基金This study was supported by grants form Nationl Key Research and Development Program(No.2016YFC1000202),National Natural Science Foundation of China(No.81671522),and Shandong Medical and Health Science and Technology Development Plan (No.2016WS0370).
文摘Background: The 47,XYY syndrome could result in fertility problems. However, seldom studies reported comprehensive researches on the embryonic development and pregnancy outcomes of these patients. This study aimed to evaluate the clinical outcomes of nonmosaic 47,XYY patients performed with fluorescent in situ hybridization (FISH) and preimplantation genetic diagnosis (PGD) treatment. Methods: This was a retrospective study. Between January 2012 and May 2017, 51 infertile males with nonmosaic 47,XYY syndrome underwent FISH-PGD were included in the study. According to sex chromosomal FISH results, embryos were classified as normal signal, no nuclei fixed, no signal in fixed nuclei, suspensive signal, and abnormal signal groups, respectively. The incidence of each group, the fixation rate, and hybridization rate were calculated. Embryonic development and pregnancy outcomes were also analyzed. The measurement data were analyzed with Student's t-test.
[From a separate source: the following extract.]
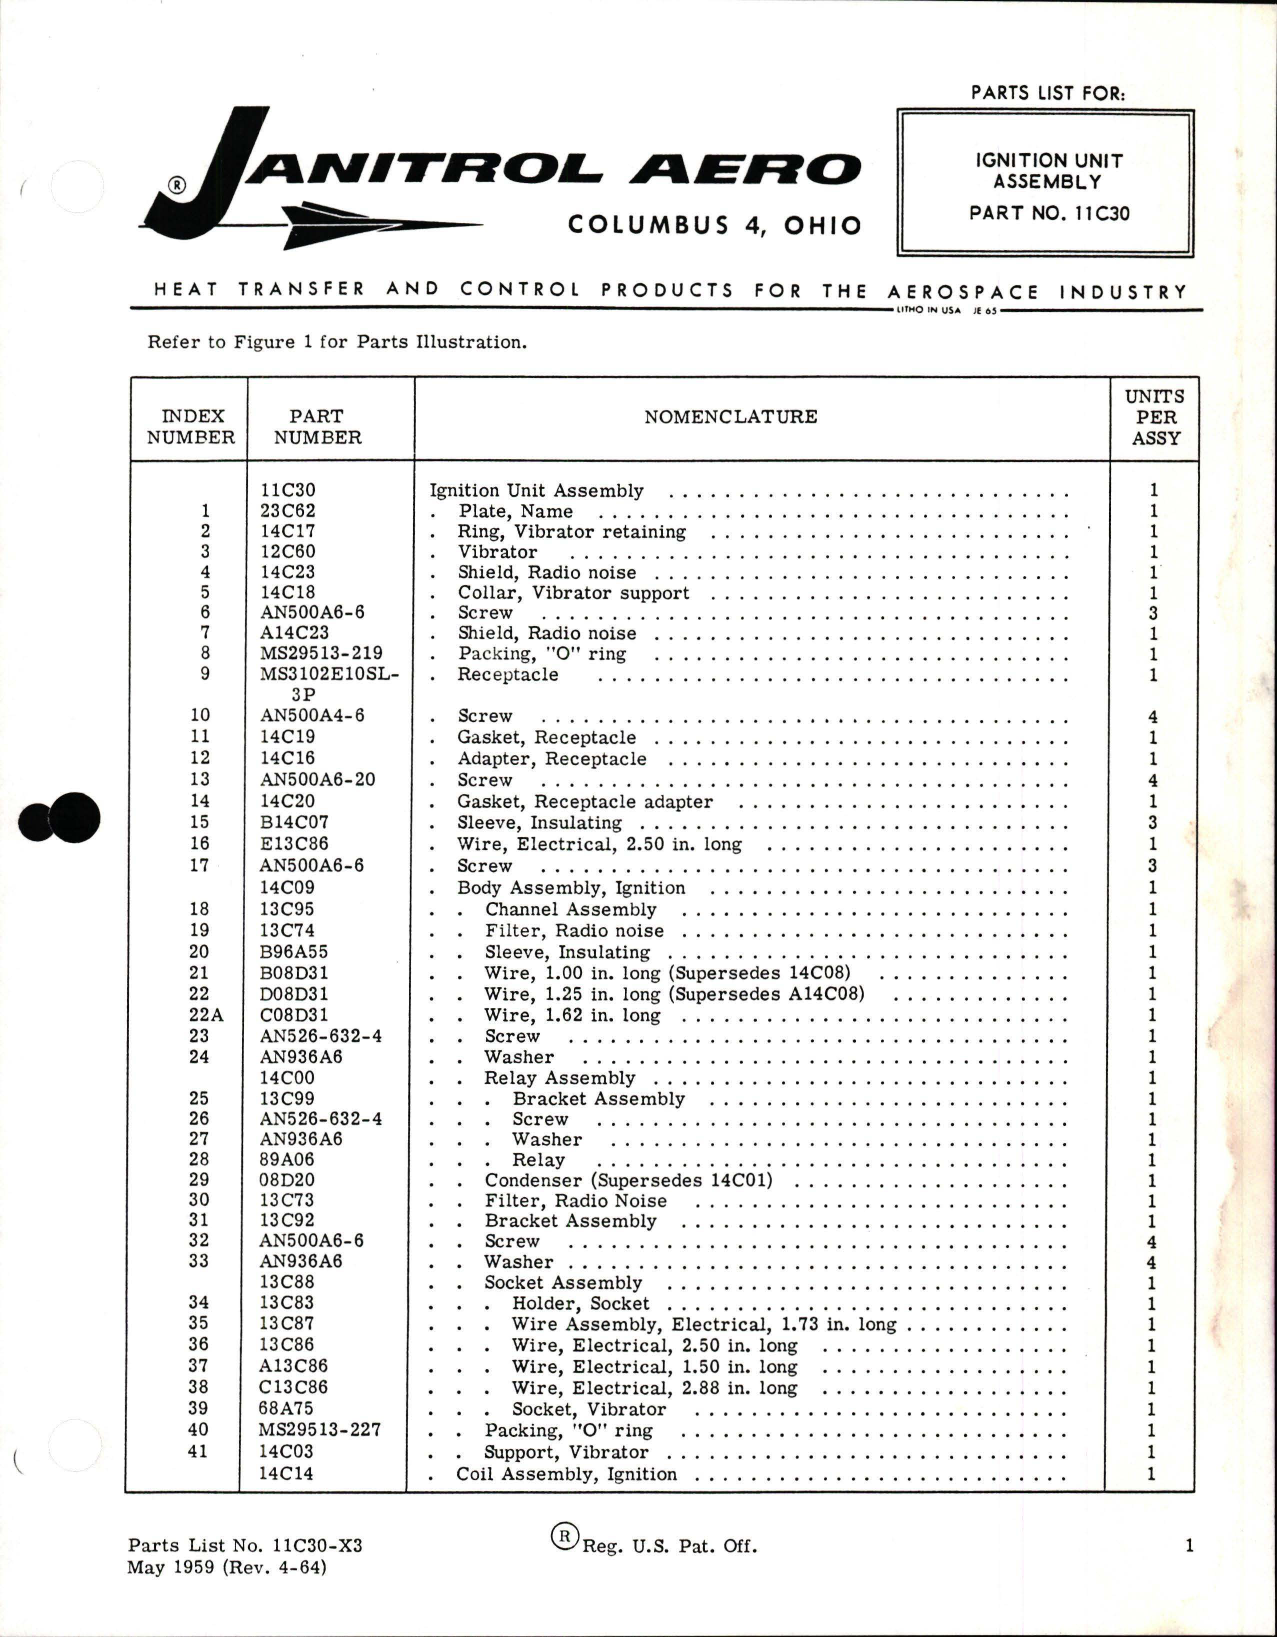 Sample page 1 from AirCorps Library document: Parts List for Ignition Unit Assembly - Part 11C30
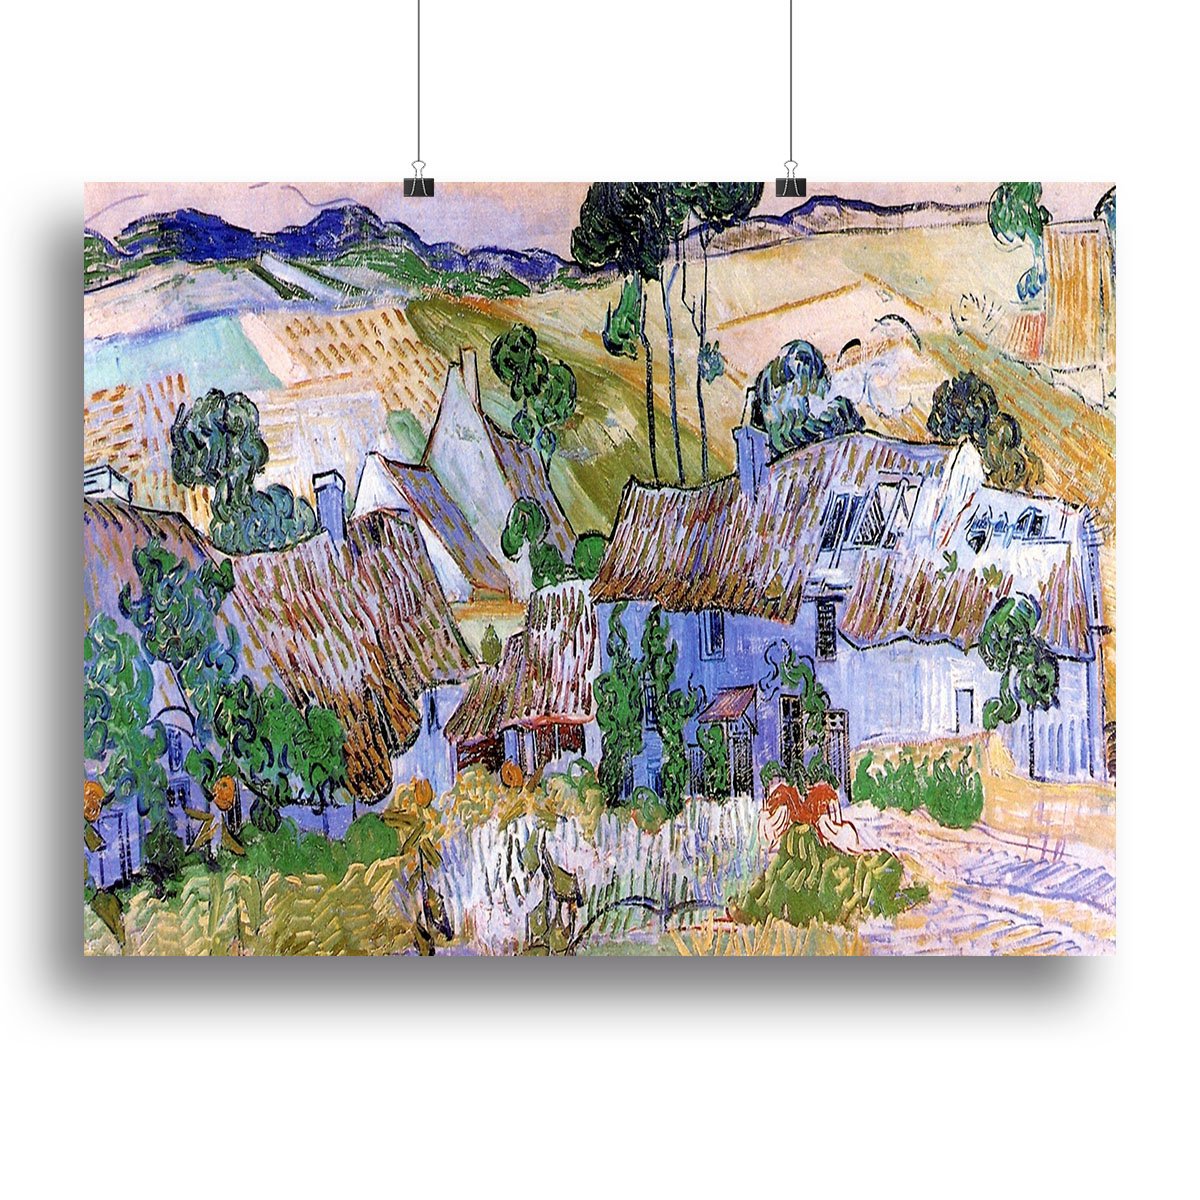 Thatched Cottages by a Hill by Van Gogh Canvas Print or Poster

The comparison of categorical data was analyzed with the Chi-square test and Fisher's exact test when expected cell count was 〈5. Results: The 53 PGD cycles with 433 embryos were analyzed. The fixation rate was 89.6%, while the hybridization rate was 96.4%. There were 283 embryos with two sex chromosomal signals with clear diagnosis (65.4%). The numbers of no nuclei fixed, no signal in fixed nuclei, suspensive signal, and abnormal signal groups were 45 (10.4%), 14 (3.2%), 24 (5.5%), and 67 (15.5%), respectively. Embryos with abnormal signals were abandoned. The number of good-quality embryos was 210 (57.4%), including implanted embryos on day 4/day 5 a.ld cryopreserved. The rates of good-quality embryos in the no nuclei fixed (22.2%), no signal in fixed nuclei (28.6%), and suspensive signal groups (33.3%) were comparable (P 〉 0.05), and were significantly lower than the normal signal group (66.4%, P 〈 0.001 ). The clinical pregnancy rates of fresh and frozen embryos transferred cycles were 70.6% and 85.7%, respectively. Conclusions: Among embryos with a clear diagnosis of sex chromosome, about one-fifth showed abnormal signals. Embryos with two sex chromosomal signals are more likely to develop into good-quality ones. The application of the PGD by FISH may help to improve the clinical outcomes.